Helmut Hirsch - International Appeals For Clemency

International Appeals For Clemency

Hirsch's family and friends launched a campaign to free him, or at least have his sentence commuted to life in prison. The International Red Cross, the Society of Friends, and an international association of lawyers made appeals on his behalf. A human rights organization convinced the government of Norway to offer him asylum if the Germans would release him. An appeal was made to the League of Nations, and the case was brought up in the House of Commons in London.

Among the most promising avenues was the intervention of the United States. Hirsch's father, Siegfried, had lived in the United States for about ten years before his marriage in 1914. He became a naturalized American citizen before returning to Germany. During World War I, Siegfried lived with his wife and two children in the German state of Alsace. At the end of the war, when Alsace became part of France, the family moved to Stuttgart. Through a bureaucratic mix-up, the exact nature of which is unclear, Siegfried Hirsch's American citizenship was rescinded, rendering the entire family "stateless persons". Even though Hirsch was born in Germany and lived in Stuttgart for most of his life, he never held German citizenship.

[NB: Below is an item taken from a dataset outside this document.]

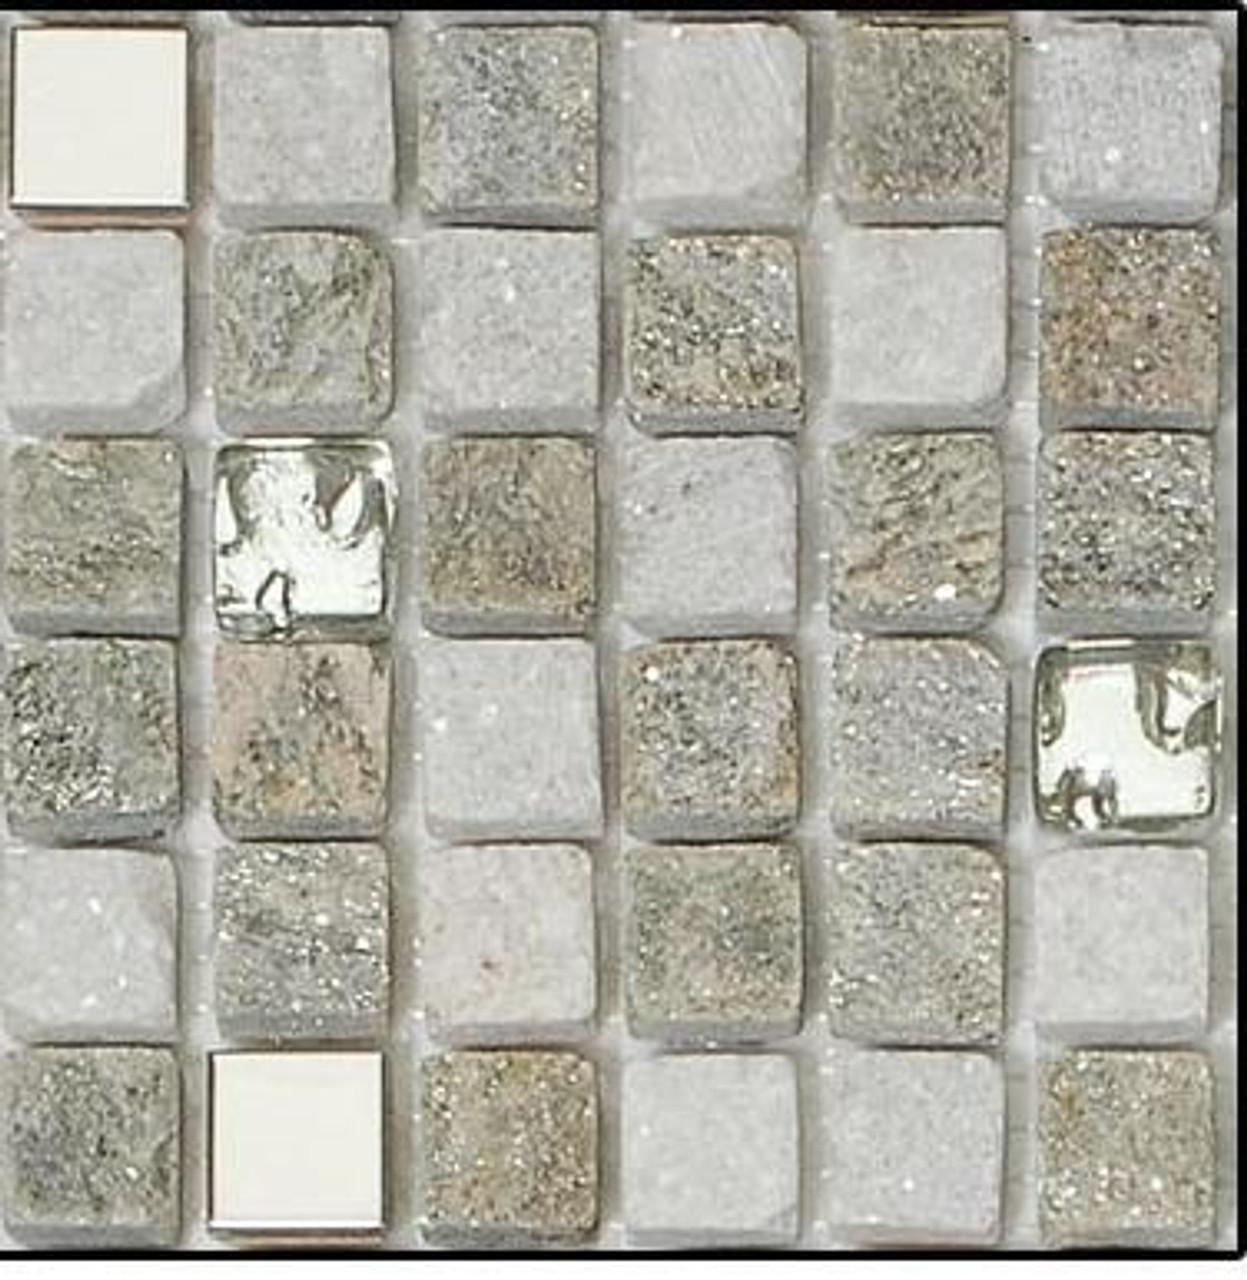 Bella Glass Tiles Opulence 5/8 x 5/8 Mosaic Series Flint Smoke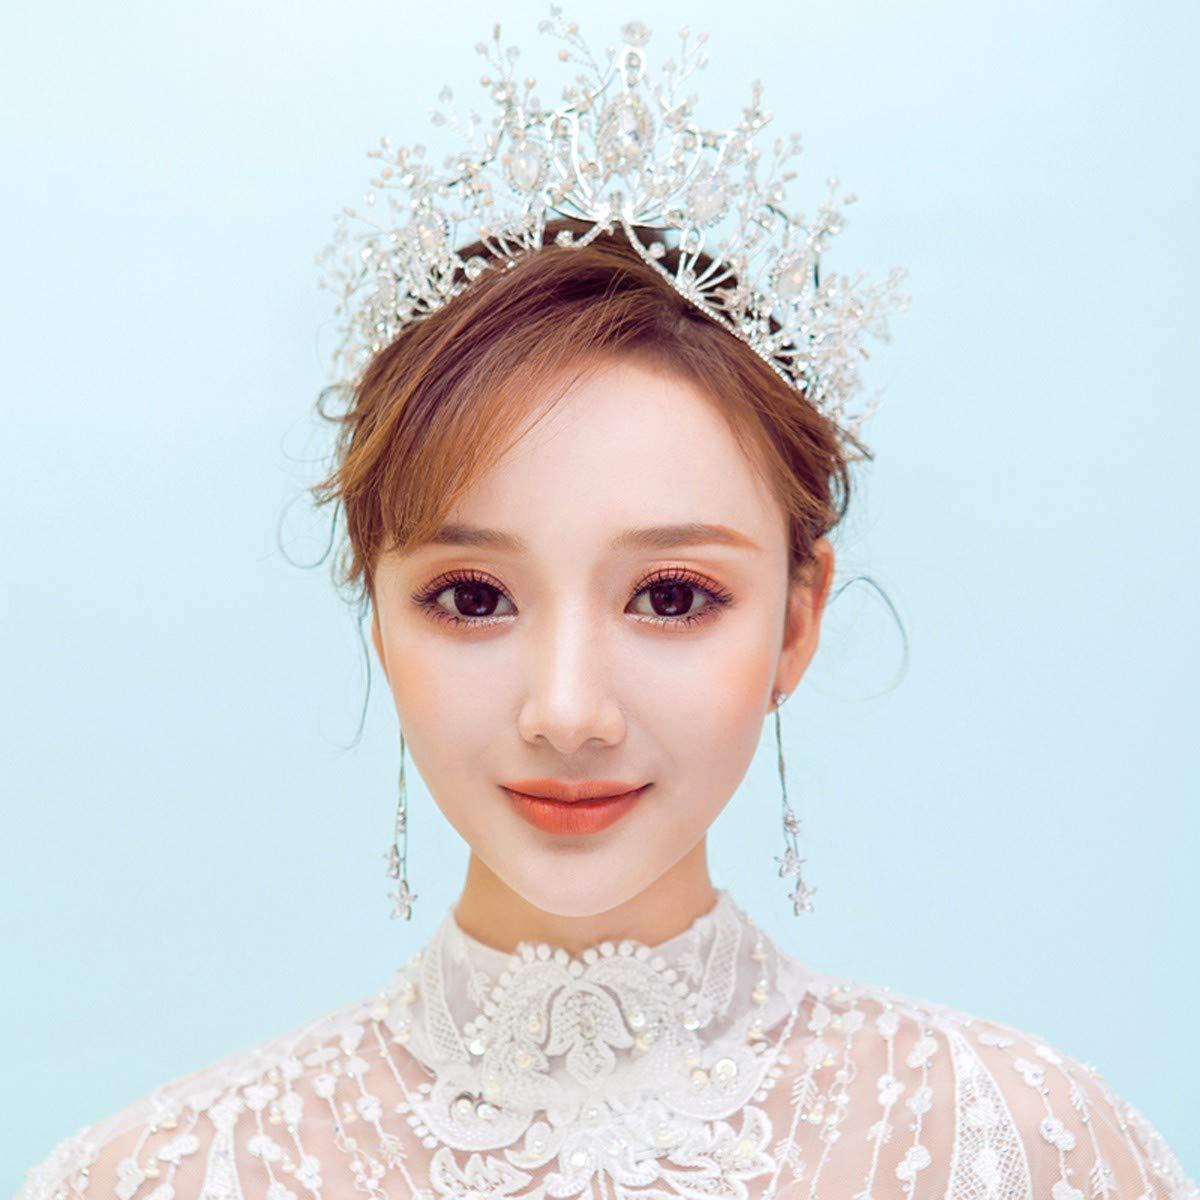 Girls Crown, Beautiful headdress/Bridal Crown Accessories Crown 2 Wedding Accessories by Zehaer (Image #2)

Hirsch's cousin, George Neuburger, who had moved to New York, enlisted the aid of an American lawyer to petition to have Siegfried's citizenship reinstated. Their appeal was initially rejected, but a month later the decision was reversed. On April 22, 1937, by virtue of his father's newly restored citizenship, Helmut Hirsch was also declared an American citizen, although he had never set foot on American soil.